A. Field of Invention
This invention relates to equitably distributing a plurality of executed orders between a plurality of accounts.
B. Description of Related Art
Investment Managers or Traders manage portfolios for their clients. Portfolios may include investments in futures, options, equities, foreign exchange investments (FOREXs), bonds, derivatives, etc. For the purposes of the discussion that follows, these investments will be collectively referred to as “instruments”. Typically, an Investment Manager or Trader will manage the portfolios of multiple client accounts using a common strategy. For example, as shown in FIG. 1, an Investment Manager or Trader may manage three accounts, ACCOUNT_1, ACCOUNT_2, AND ACCOUNT_3, where each account has a different total investment value. In the example shown, ACCOUNT_1 has a total investment value of $5,000,000, ACCOUNT_2 has a total investment value of $3,000,000, and ACCOUNT_3 has a total investment value of $2,000,000. The Investment Manager or Trader may then research a particular investment in certain instruments, and decide to invest a portion of each of the client portfolios in the investment by purchasing a number of the instruments for each account. Often, as shown in the example, the portion of each portfolio to be invested is selected in relation to the total amount in each portfolio. Thus, in the example shown, the Investment Manager or Trader decides to purchase five instruments for ACCOUNT_1, three instruments for ACCOUNT_2, and two instruments for ACCOUNT_3, for a total of ten instruments. It is often the case, however, that all of the instruments are not available at a common price. Continuing with the example, as shown in FIG. 2, the Investment Manager or Trader may acquire six instruments at $1,140.20, two instruments at $1,140.50, and two instruments at $1,141.10. Since all of the instruments were not available at a common price, the Investment Manager or Trader must determine how to equitably distribute the instruments between the accounts. Each instrument may also be referred to as an “executed order”.

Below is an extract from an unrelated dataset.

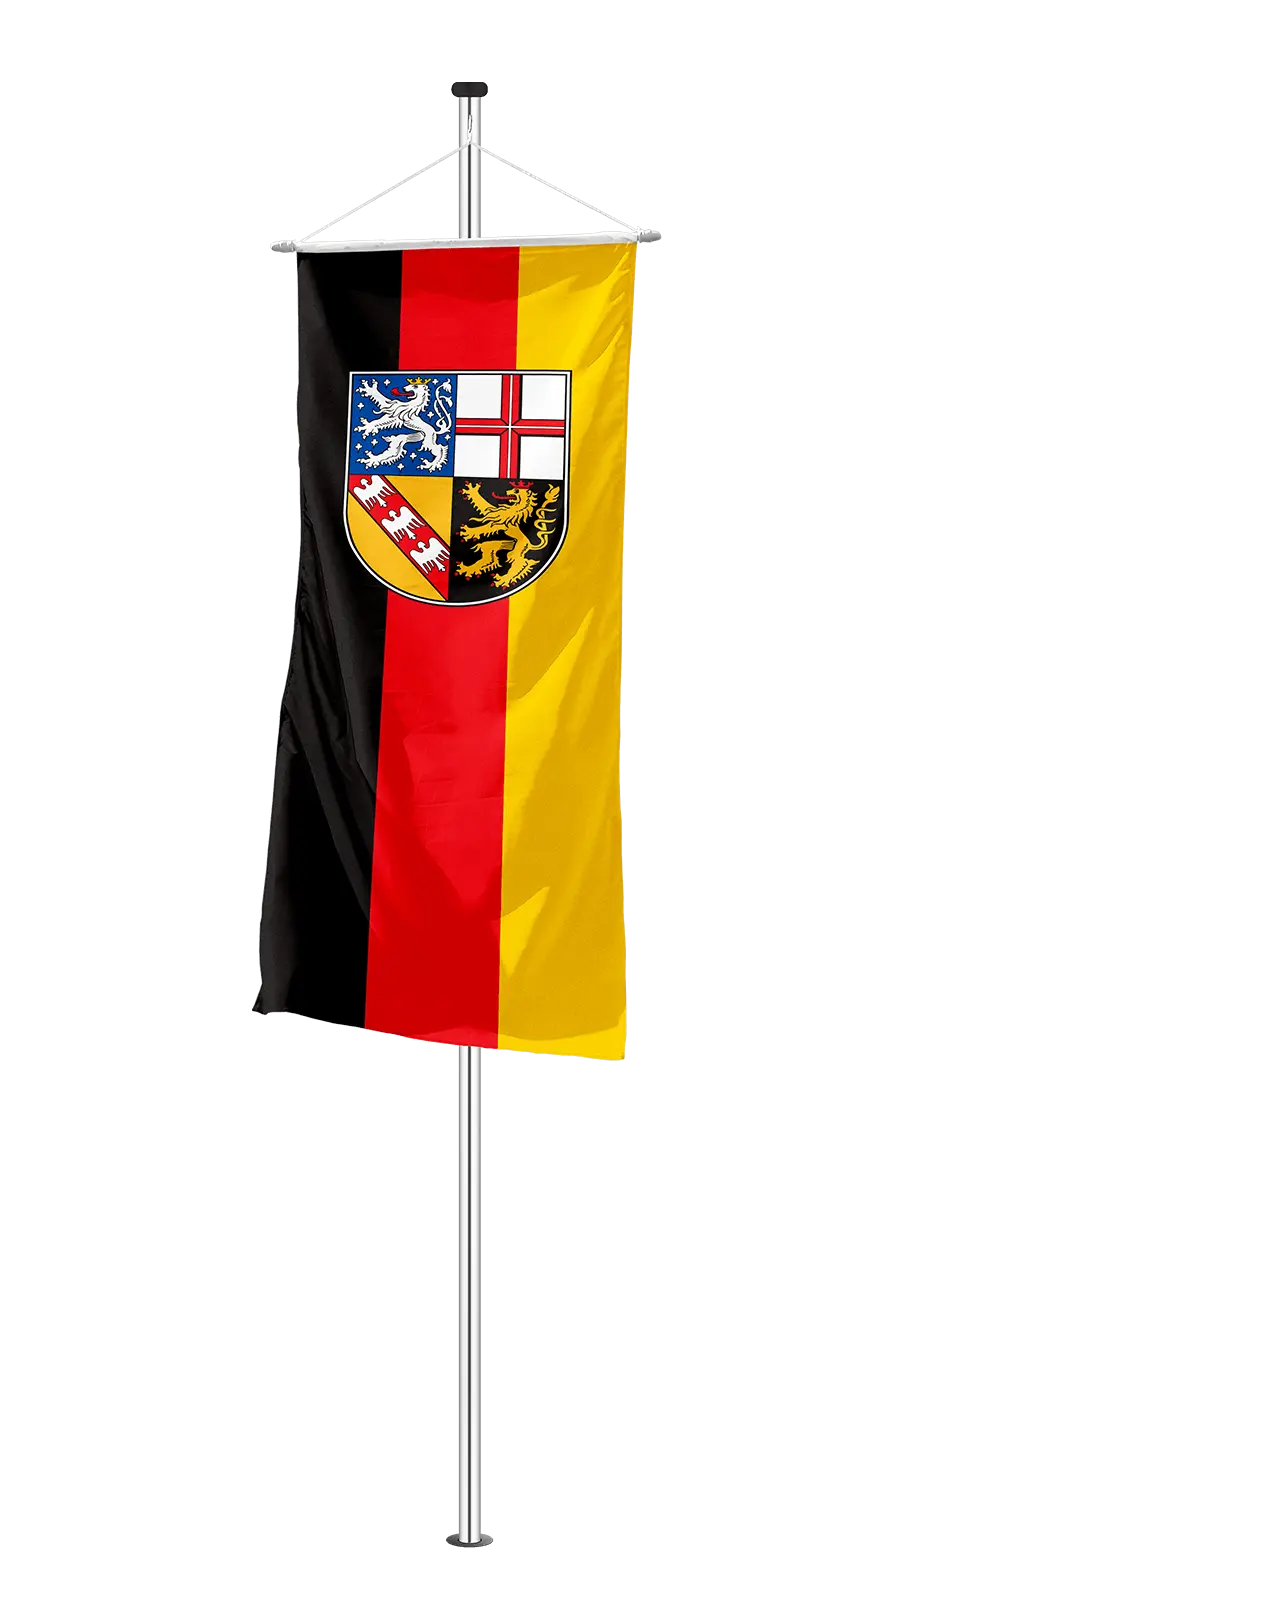 Bannerfahne Saarland mit Wappen

The Chicago Mercantile Exchange offers a system known as the Average Pricing System (APS) for such a purpose. The primary function of the APS is to allow clearing member firms, in defined circumstances, to confirm an average price to customers when multiple prices are received on the execution of an order, or a series of orders, during a single trading day. The APS calculates an average price for each order. Then, the APS calculates a cash residual associated with each instrument. The cash residual is defined as the dollar difference between the actual trade price and the average price. Thus, the instruments can be distributed to client accounts with the cash residuals for each instrument to provide an equitable distribution.
However, the use of the cash residuals is cumbersome for all of the parties involved, and is often confusing for the clients. Thus, there remains a need for a method of equitably distributing a plurality of instruments between a plurality of accounts that does not require calculation of the cash residual associated with each instrument, and, thus, does not have to account for such cash residual.